- _ASSIGNMENT_
Word for word, repeat the data; no picture should appear in the result.

--- GIVEN MATERIAL ---

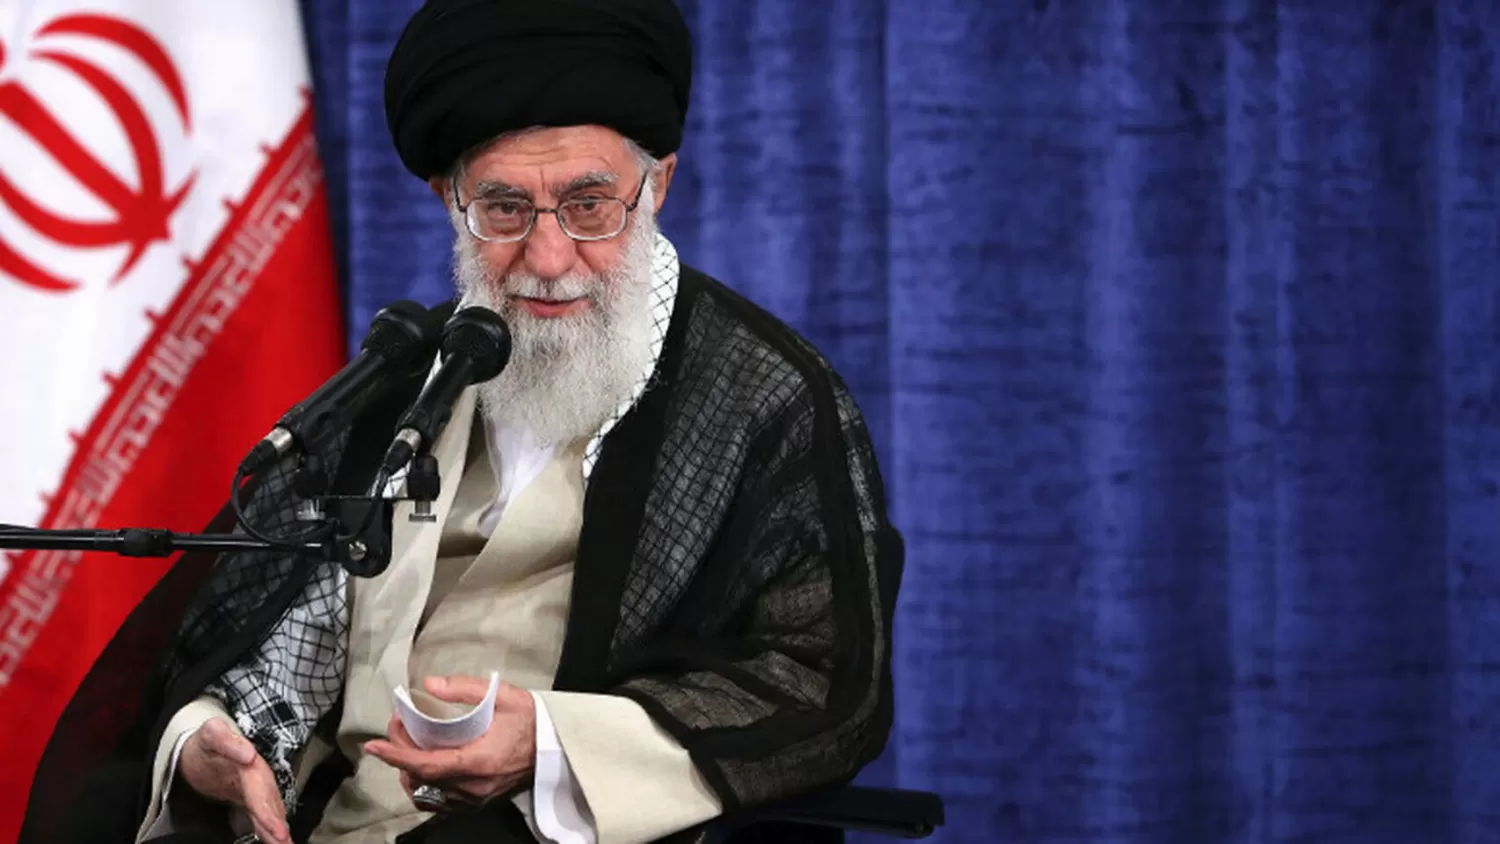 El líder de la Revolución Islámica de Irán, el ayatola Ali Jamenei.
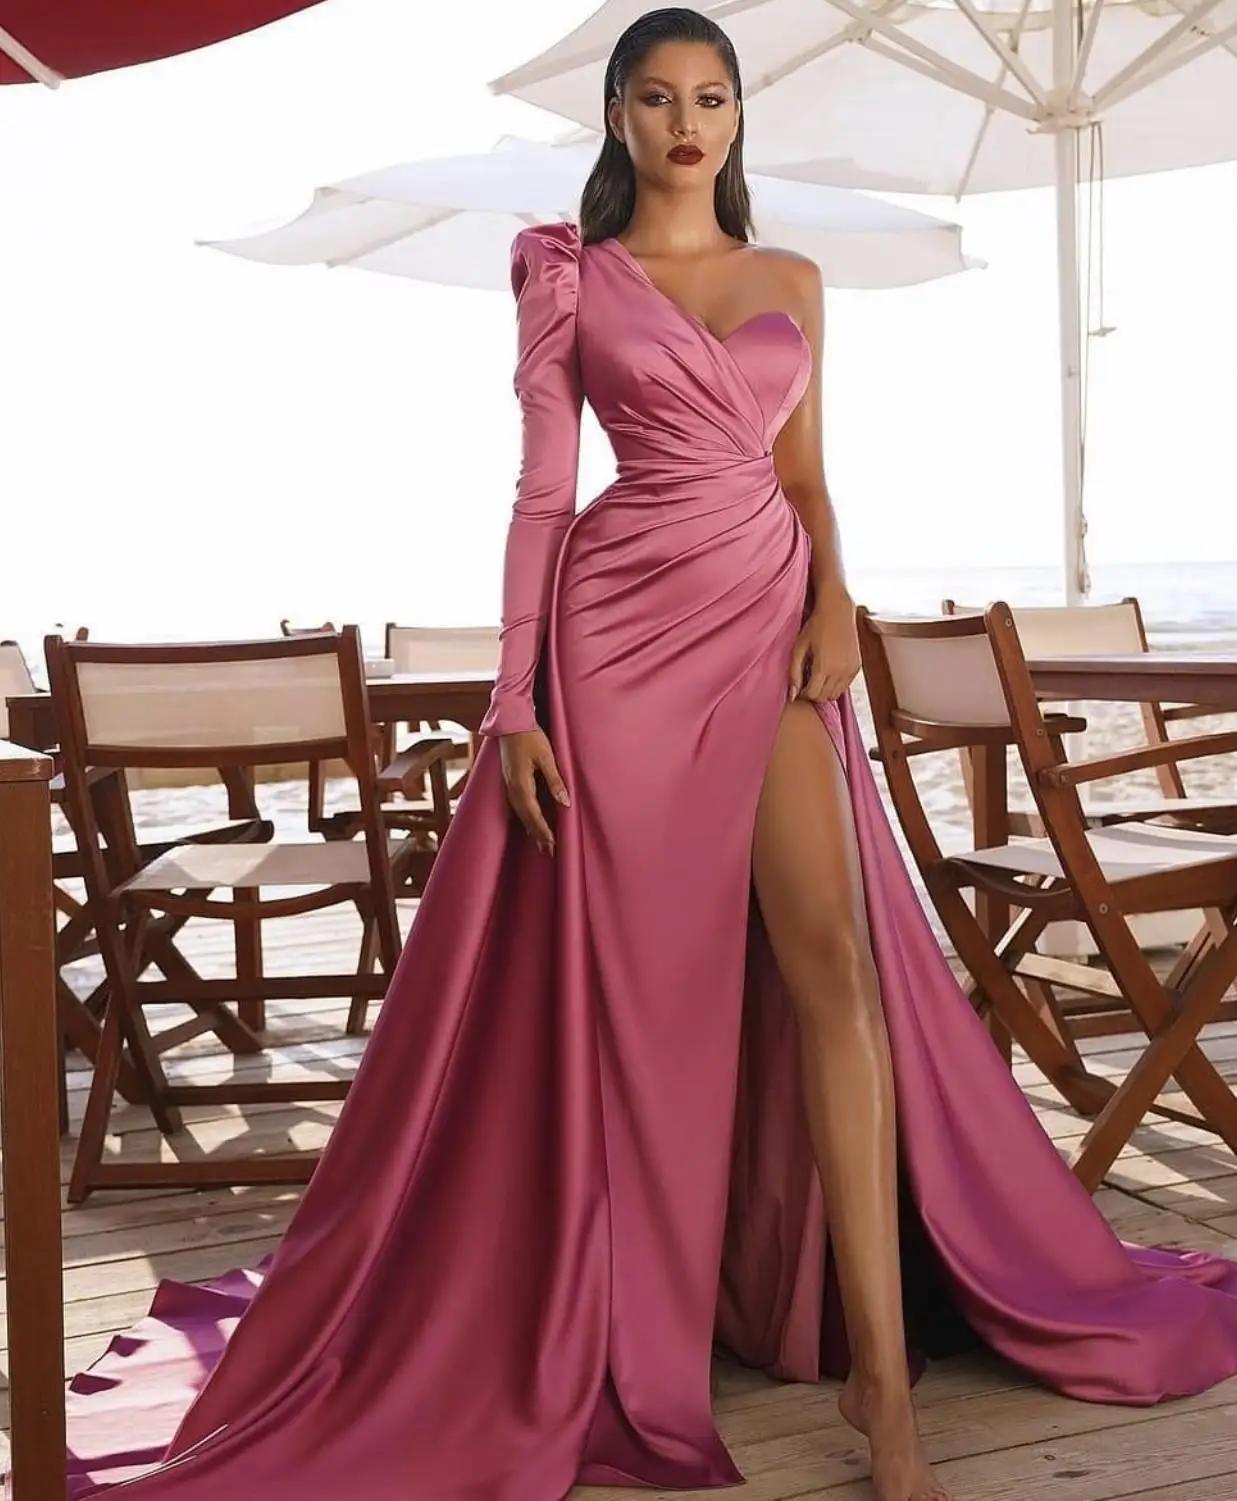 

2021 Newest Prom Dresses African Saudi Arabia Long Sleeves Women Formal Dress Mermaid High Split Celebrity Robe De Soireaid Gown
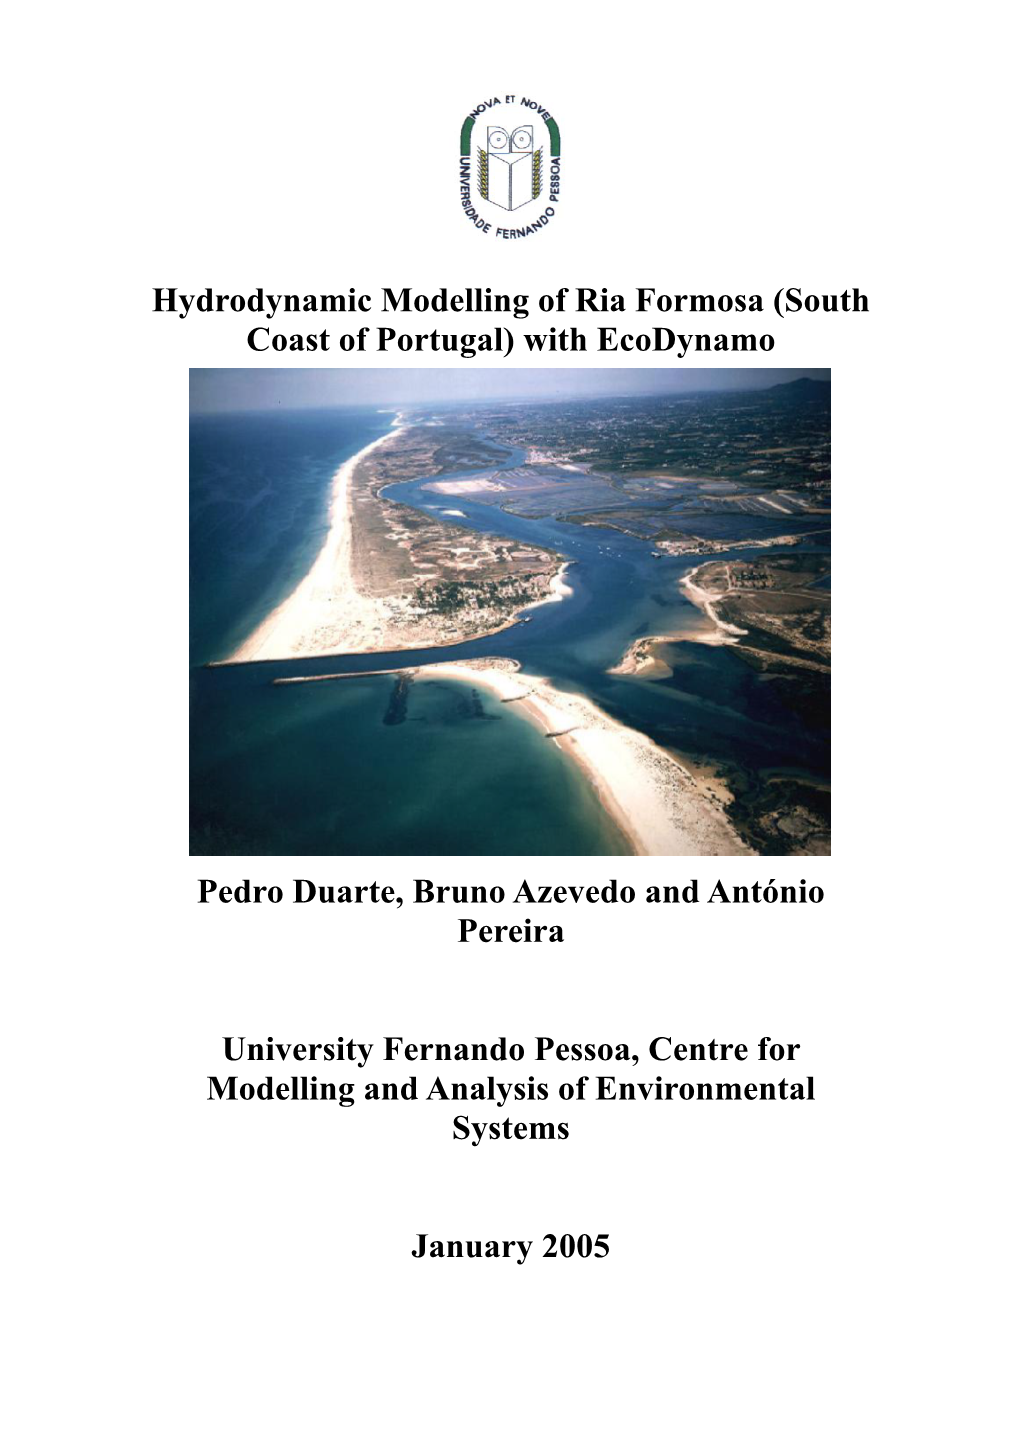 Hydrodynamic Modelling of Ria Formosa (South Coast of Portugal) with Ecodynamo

---

- _ANSWER SECTION_
 El líder de la Revolución Islámica de Irán, el ayatola Ali Jamenei.

2021 Newest Prom Dresses African Saudi Arabia Long Sleeves Women Formal Dress Mermaid High Split Celebrity Robe De Soireaid Gown
 Hydrodynamic Modelling of Ria Formosa (South Coast of Portugal) with Ecodynamo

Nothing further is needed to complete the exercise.